Exercise objective: All the lines below need retyping exactly, apart from the images.

Information shown:
━━━━━━━━━━
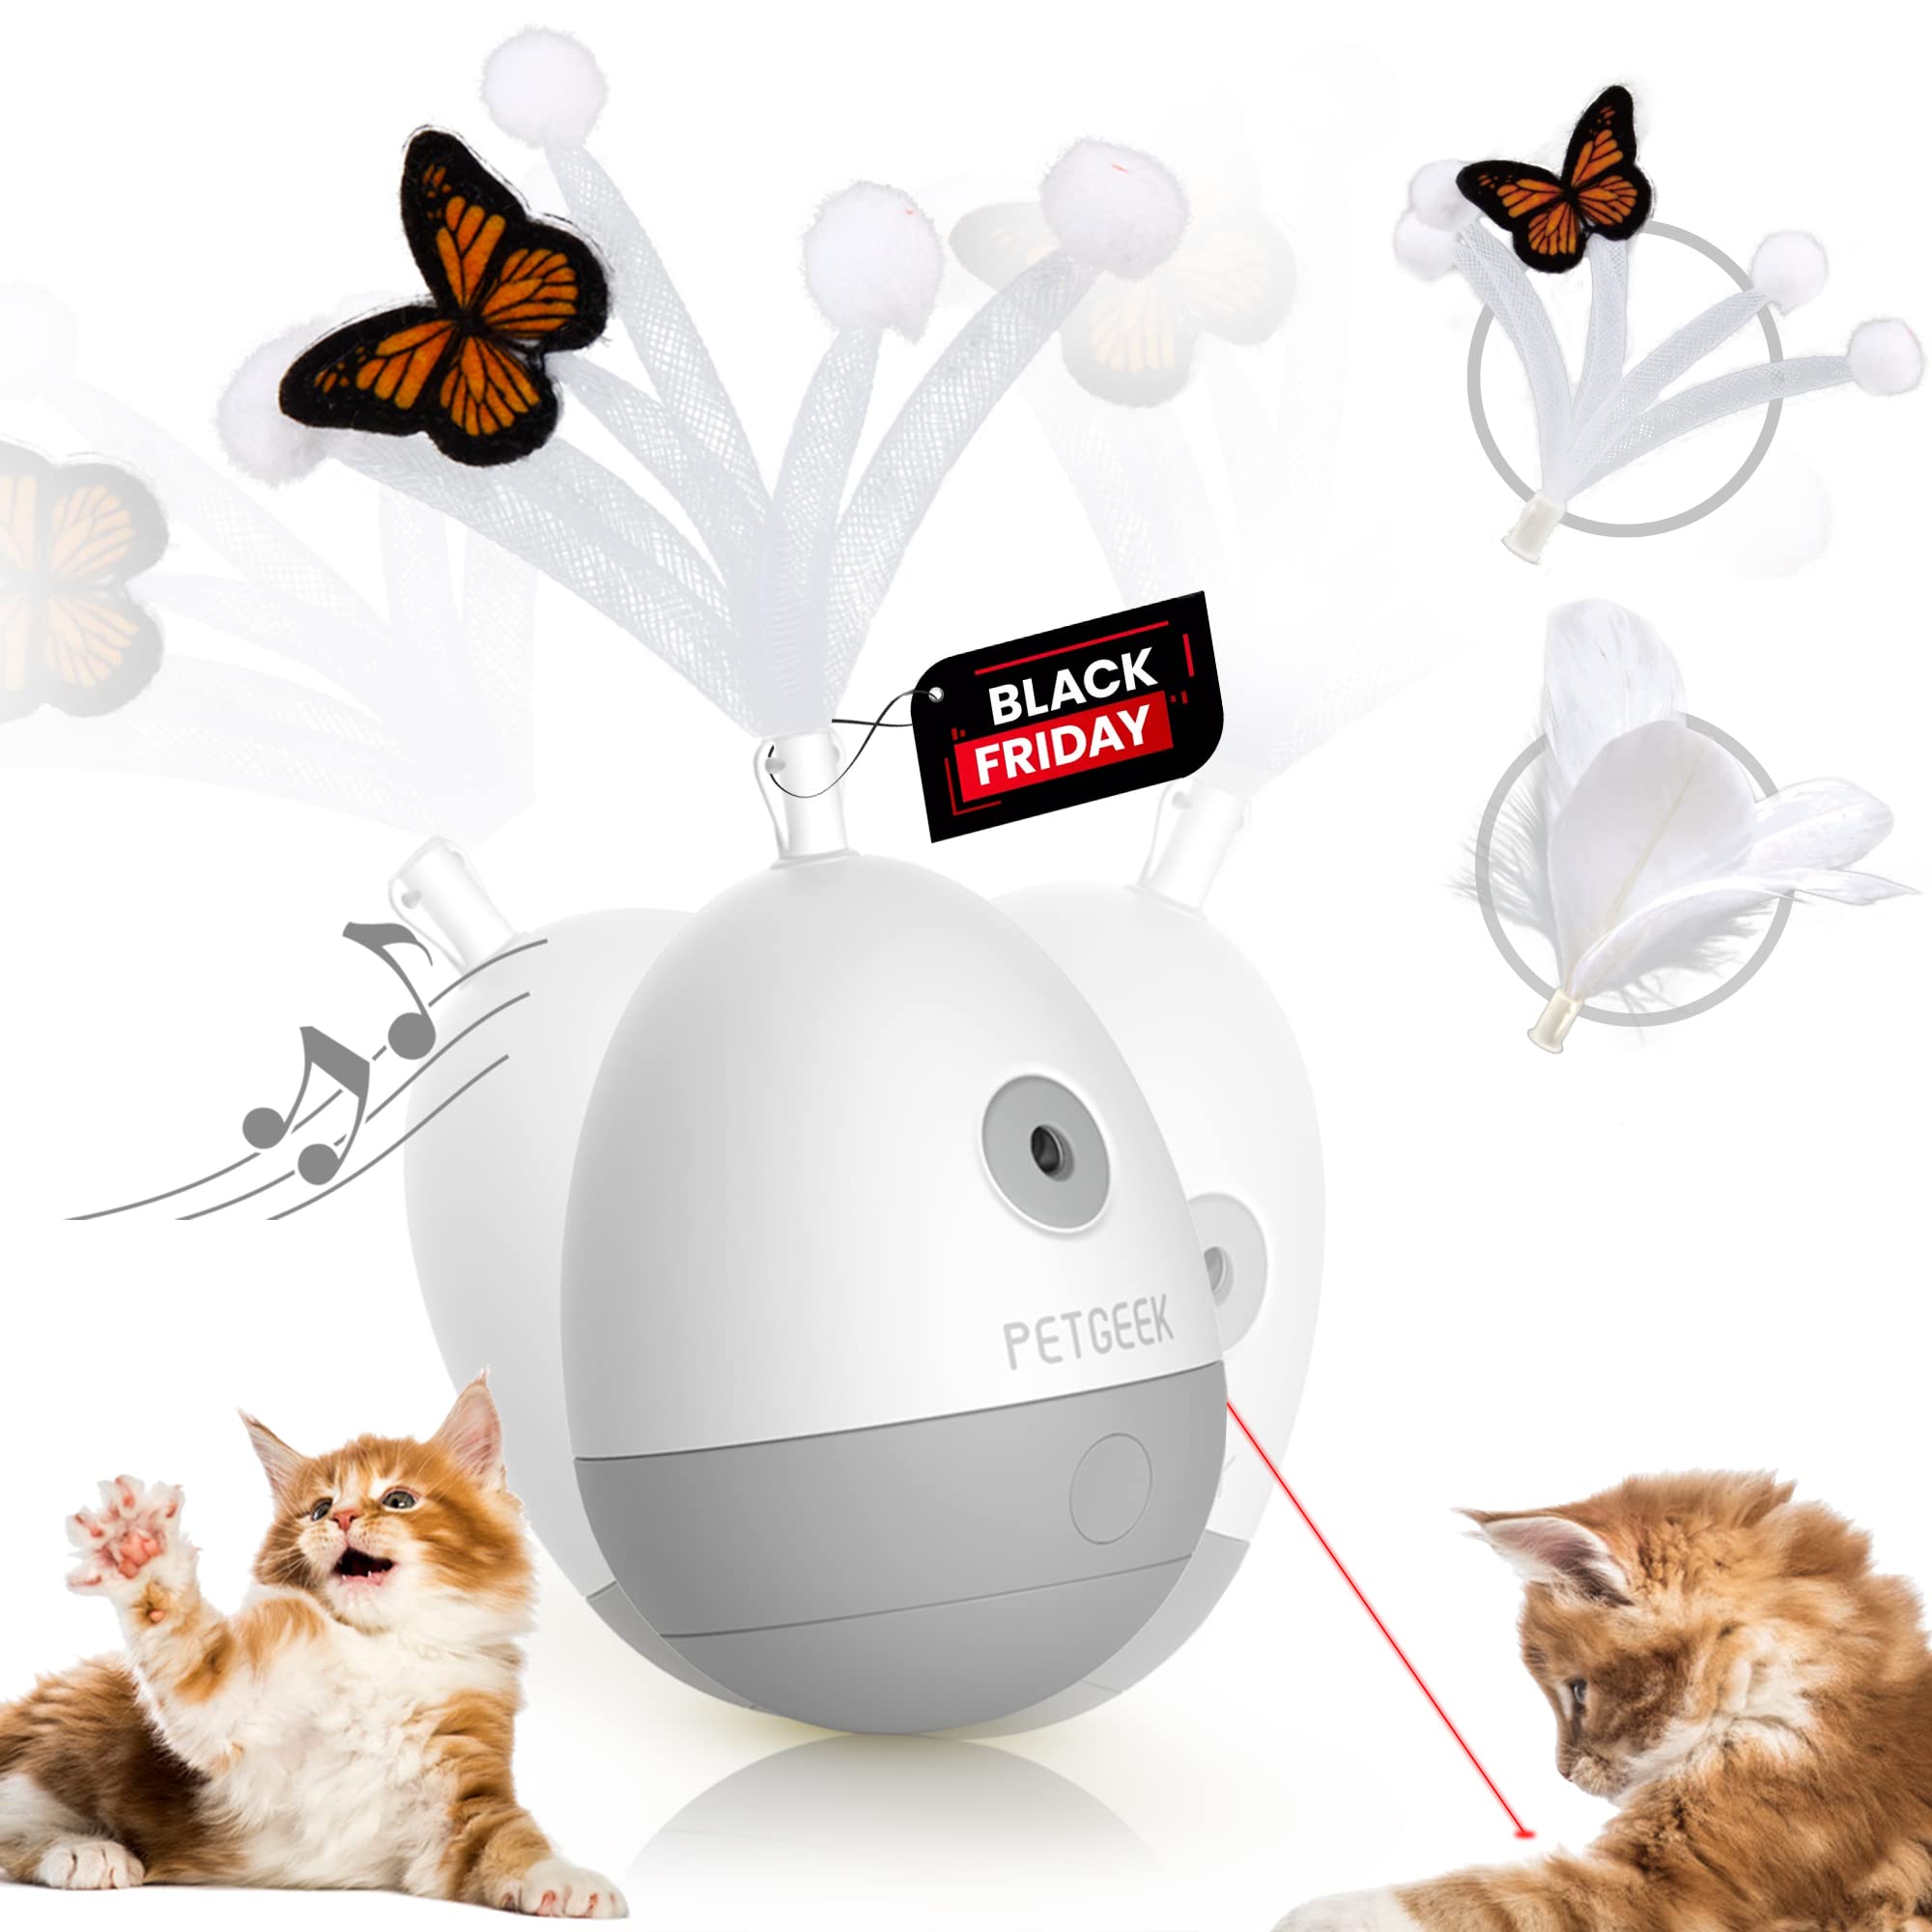 Petgeek Laser Pointer Cat Toy
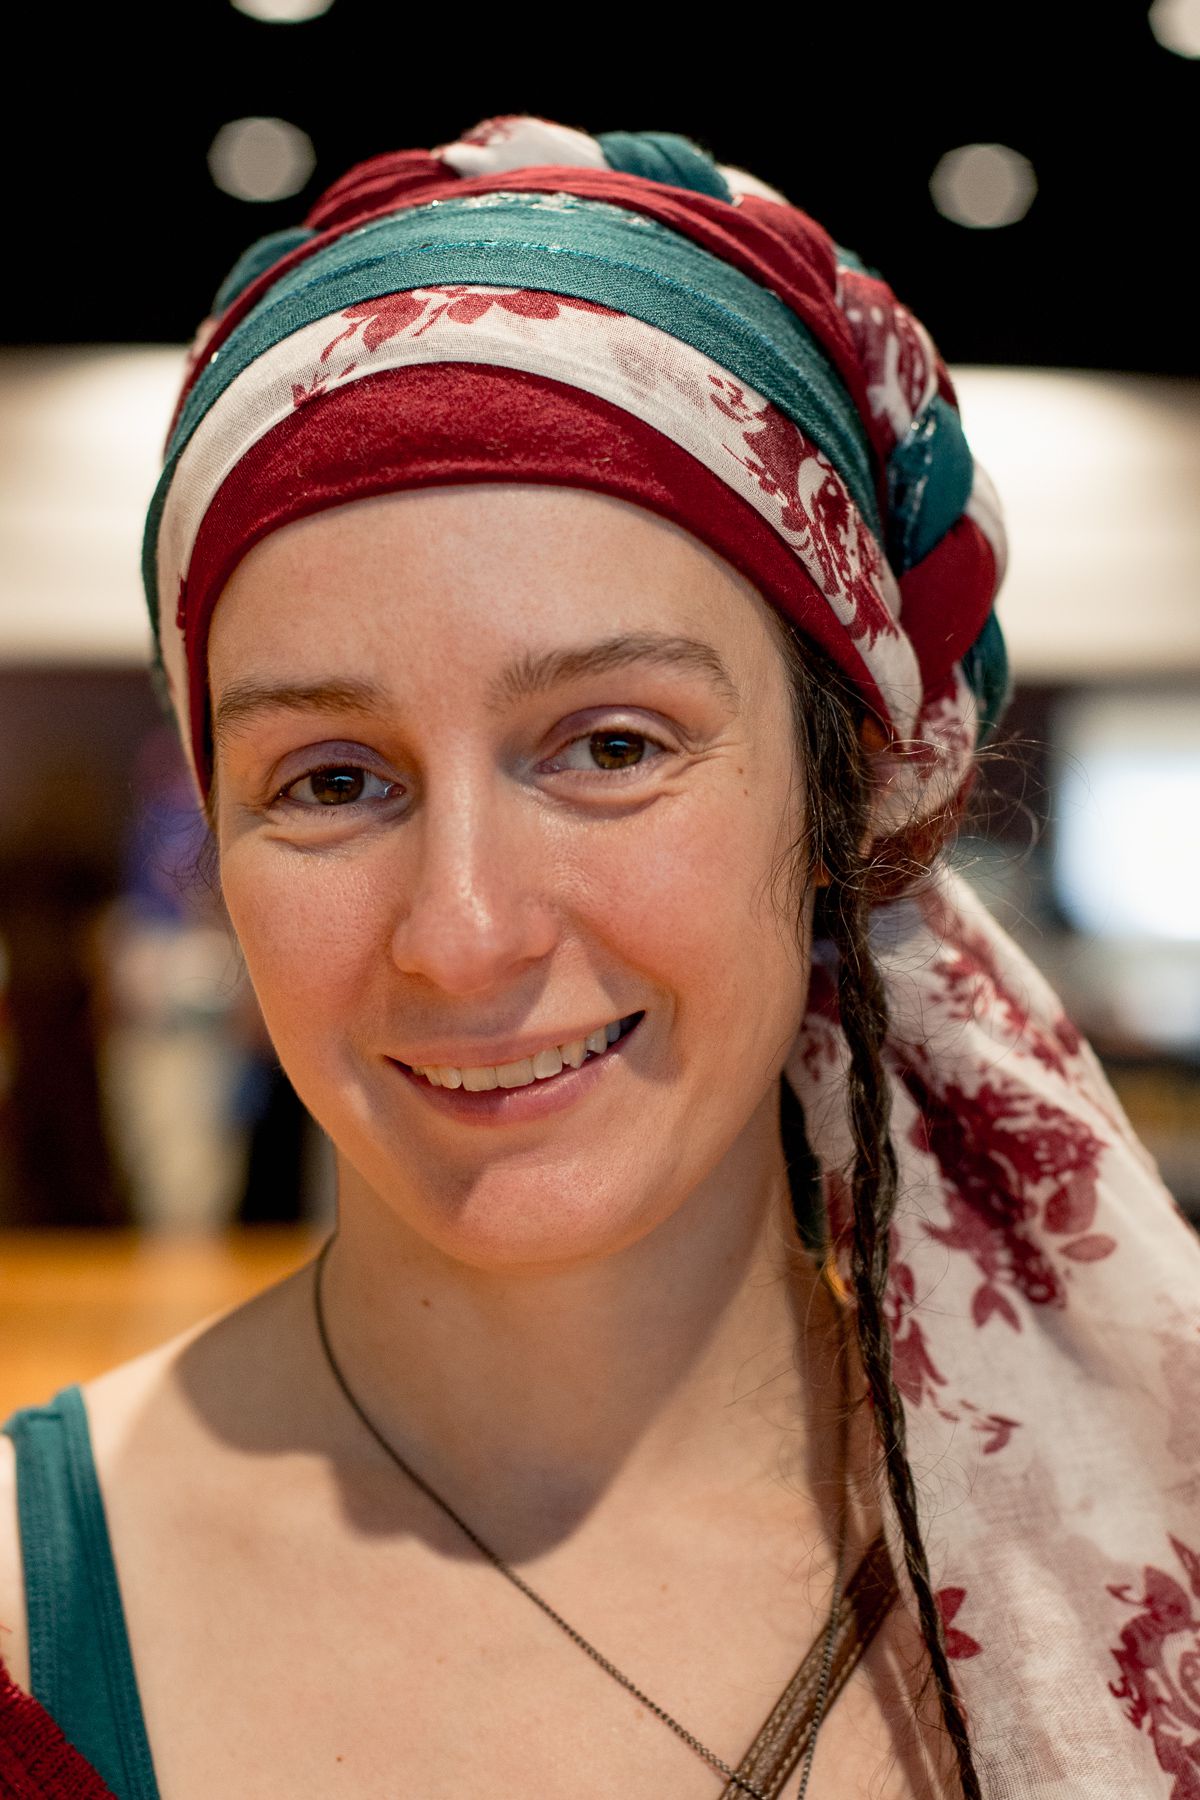 Woman in tichel, a Jewish headwrap
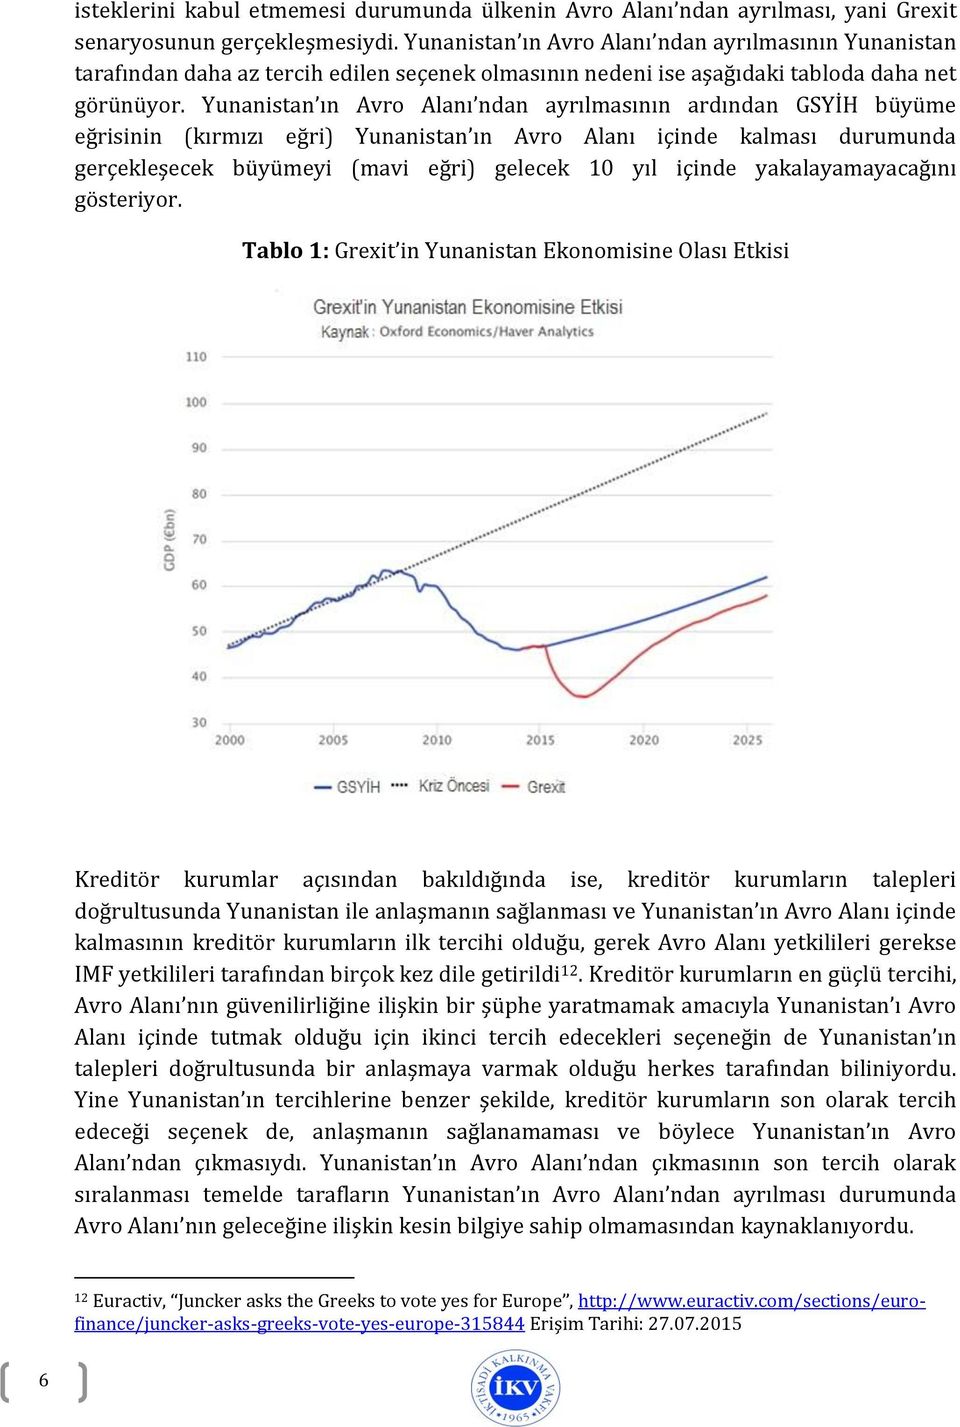 Yunanistan ın Avro Alanı ndan ayrılmasının ardından GSYİH büyüme eğrisinin (kırmızı eğri) Yunanistan ın Avro Alanı içinde kalması durumunda gerçekleşecek büyümeyi (mavi eğri) gelecek 10 yıl içinde
━━━━━━━━━━
Response to this exercise:
 Petgeek Laser Pointer Cat Toy
 Woman in tichel, a Jewish headwrap
 Yunanistan ın Avro Alanı ndan ayrılmasının ardından GSYİH büyüme eğrisinin (kırmızı eğri) Yunanistan ın Avro Alanı içinde kalması durumunda gerçekleşecek büyümeyi (mavi eğri) gelecek 10 yıl içinde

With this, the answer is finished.